Ruhul Furkan Tefsiri
Müfessiri Mahmut Efendi olarak bilinen Mahmut Ustaosmanoğlu'dur. Şuan 17 cilttir. Takriben 50 küsür cilt olması olabileceği tahmin ediliyor. Ahıska yayınlarından çıkıyor. Tasavvuf ekolü tefsiri olarak tanımlanabilecek bir tefsirdir. İçinde israiliyat olduğu ile ilgili eleştiriler yapılmıştır. Rabıta ve tevessül konusunda eleştiriler almıştır.

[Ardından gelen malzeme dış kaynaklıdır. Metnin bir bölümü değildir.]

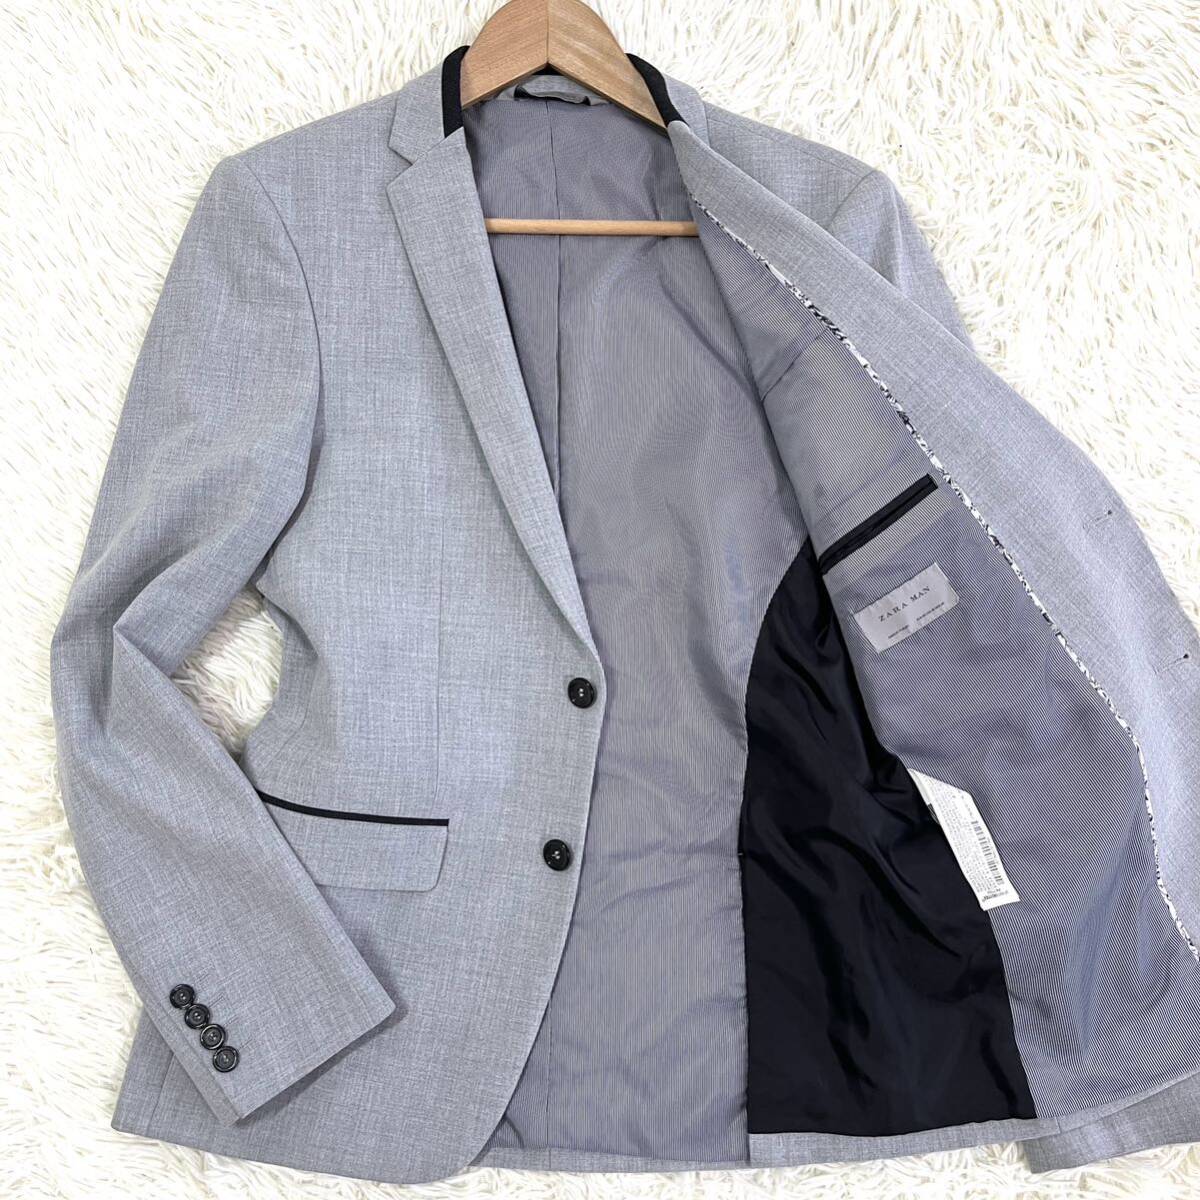  The лама n[.. выпадение . освежение .!] tailored jacket серый 2B цветочный принт центральный отдушина весна лето размер M ZARA MAN
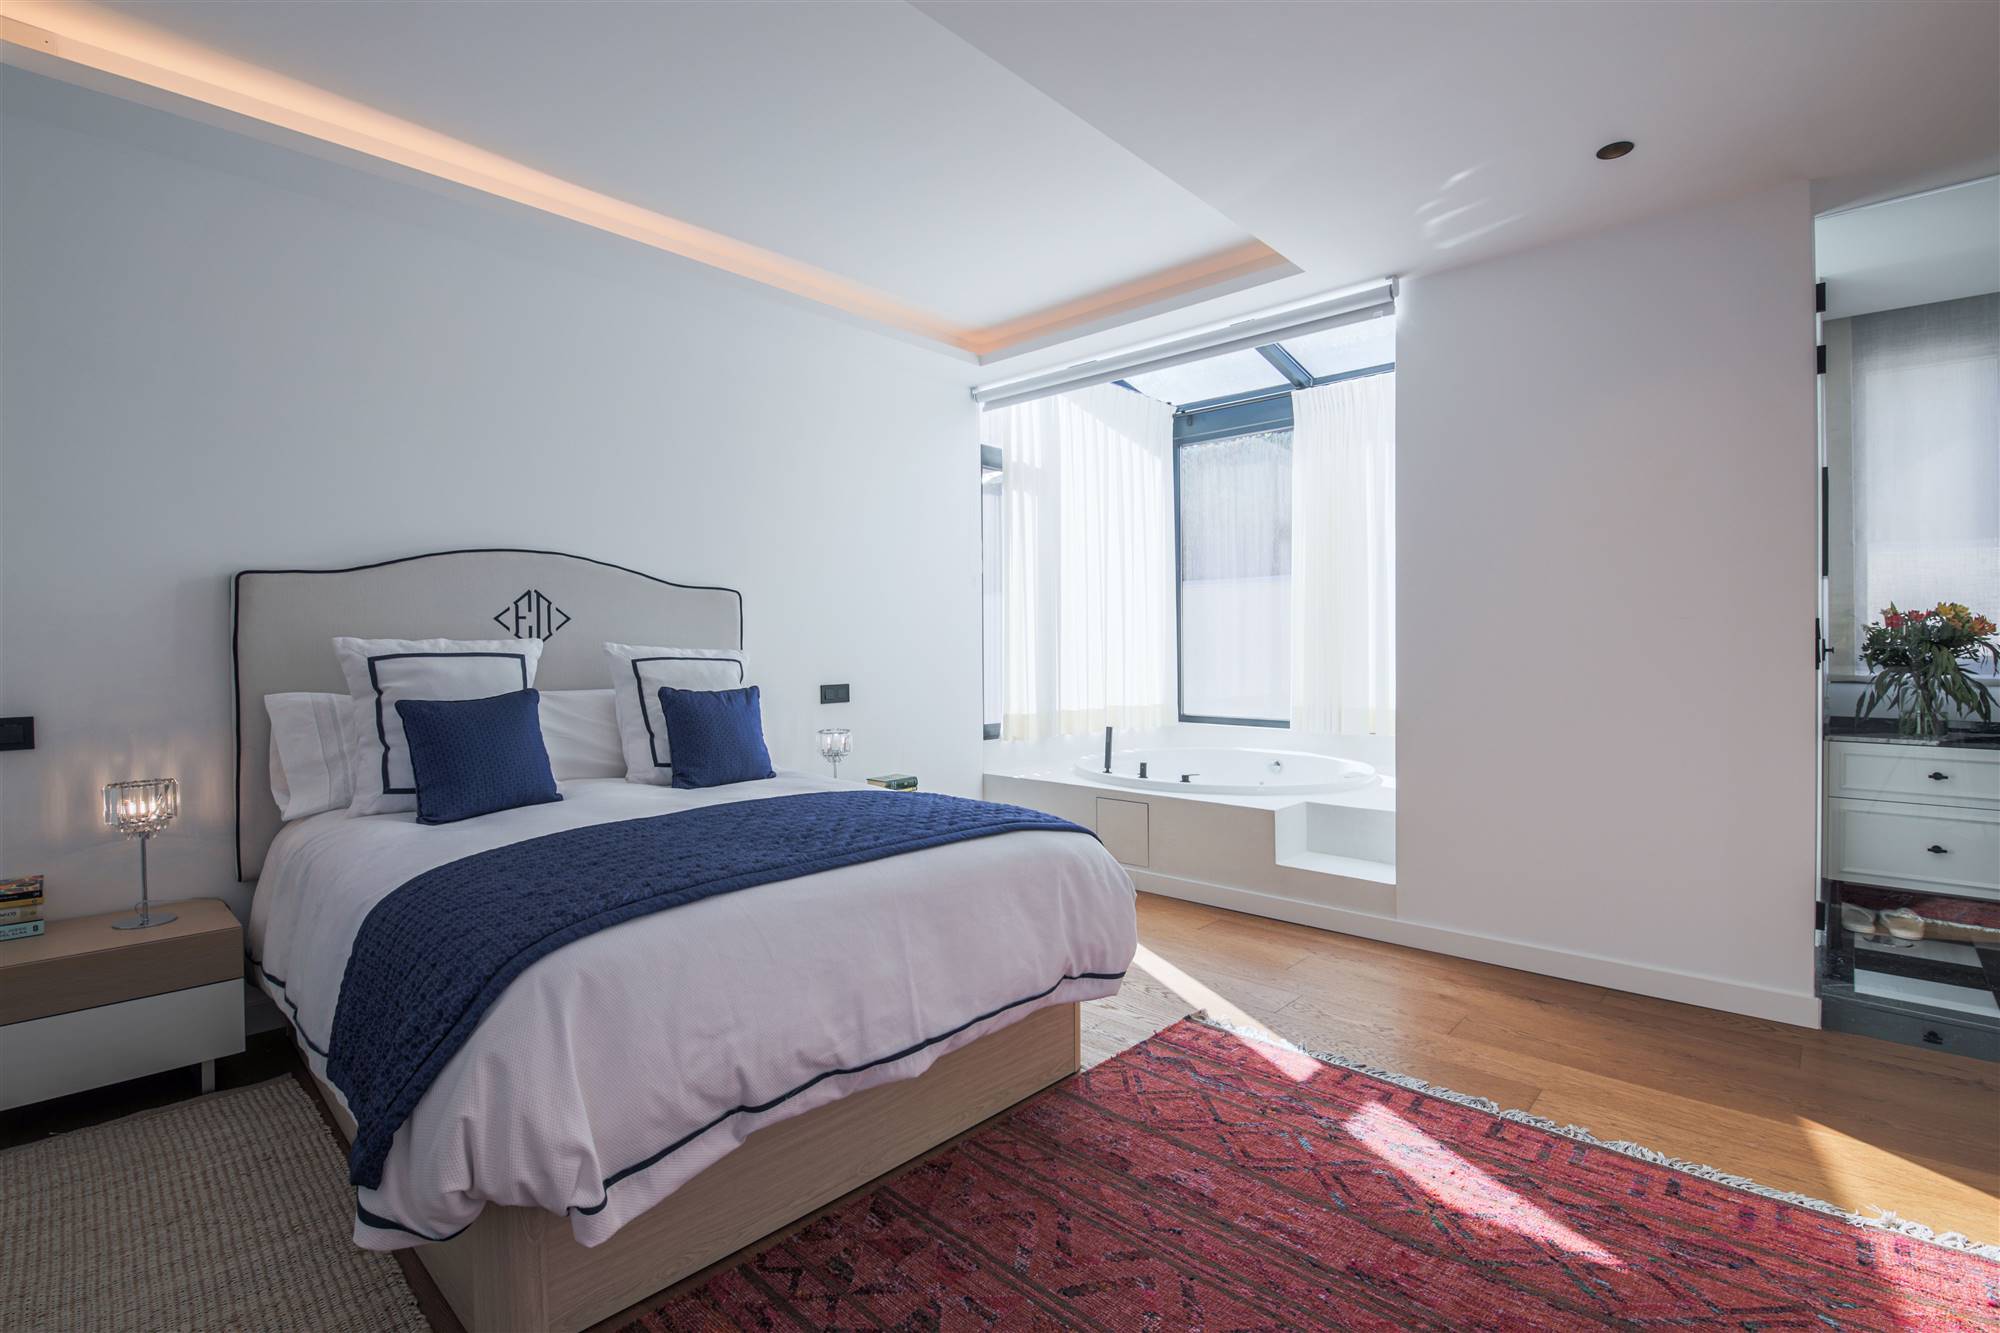 Dormitorio principal en suite de una vivienda unifamiliar en la calle Arturo Soria de Madrid, un proyecto del estudio de interiorismo WINK GROUP.

Okunurken tasavvuf ekolü tefsiri olarak okunmalıdır.
Safvetüt Tefasir
Müfessiri Muhammed Ali Sabuni'dir. 7 cilttir. Ensar neşriyattan çıkmıştır. İz yayıncılık baskısı da vardır. Vâhidî'nin Esbâb-ı Nuzûlu ile Taberî, Keşşâf, Razi, Kurtubi, Beyzavi, İbn Kesir, el-Bahru'l-Muhît, et-Teshîl, Celâleyn, Ebussuûd, Alusi ve Kasımi gibi geniş ve güvenilir tefsirlerin özünü alarak çağa hitap edecek şekilde derlemiştir. Dili sadedir. İstifade edilebilecek bir eserdir. Bu tefsiri diğer birçok tefsirden ayıran özelliği edebi sanatlar ve nüktelere yer vermesidir. Edebi sanatlar noktasında yapılan değerlendirmeler eseri zenginleştiriyor. Tefsirlerin incelenmesi ve karşılaştırılması metoduyla hazırlanan bir tefsir. Pek çok İslam ülkesinde ders kitabı olarak okutulan kapsamlı bir çalışma... Her suredeki her ayeti; her ayetteki kelimeleri tek tek açıklayıp müfessirlerin uzlaştığı ve ayrıldığı noktalara değinen, derleyici bir kaynak eser.
Semerkandi Tefsiri
Müfessiri Ebu'l-Leys Semerkandi'dir. 6 cilttir. Özgü yayınlarından çıkmıştır. Rivayet ve dirayet tefsiri özelliklerini birlikte taşıyor. Ebul Leys tasavvuf ehli olduğundan tefsirinde tasavvuf ekolü etkisi oldukça belirgindir. Tefsiri diğer tefsirlerden ayıran özelliklerinden biri de konular izah edilirken soru-cevap şeklinde izahlar yapılmasıdır.
Tefsirul Kebir Mefâtihu'I-Gayb Tefsiri
Müfessiri meşhur İslam alimi Fahreddin Razi'dir. 23 cilttir. Huzur yayınevinden çıkmıştır. Kelami tefsir olarak tanımlayabiliriz.
"Tefsirul-Kebir genişçe bir mukaddime ile başlar. Bu mukaddimede istiâze ve besmele inceden inceye açıklanır, her ikisinin kelimeleri tek tek incelenir.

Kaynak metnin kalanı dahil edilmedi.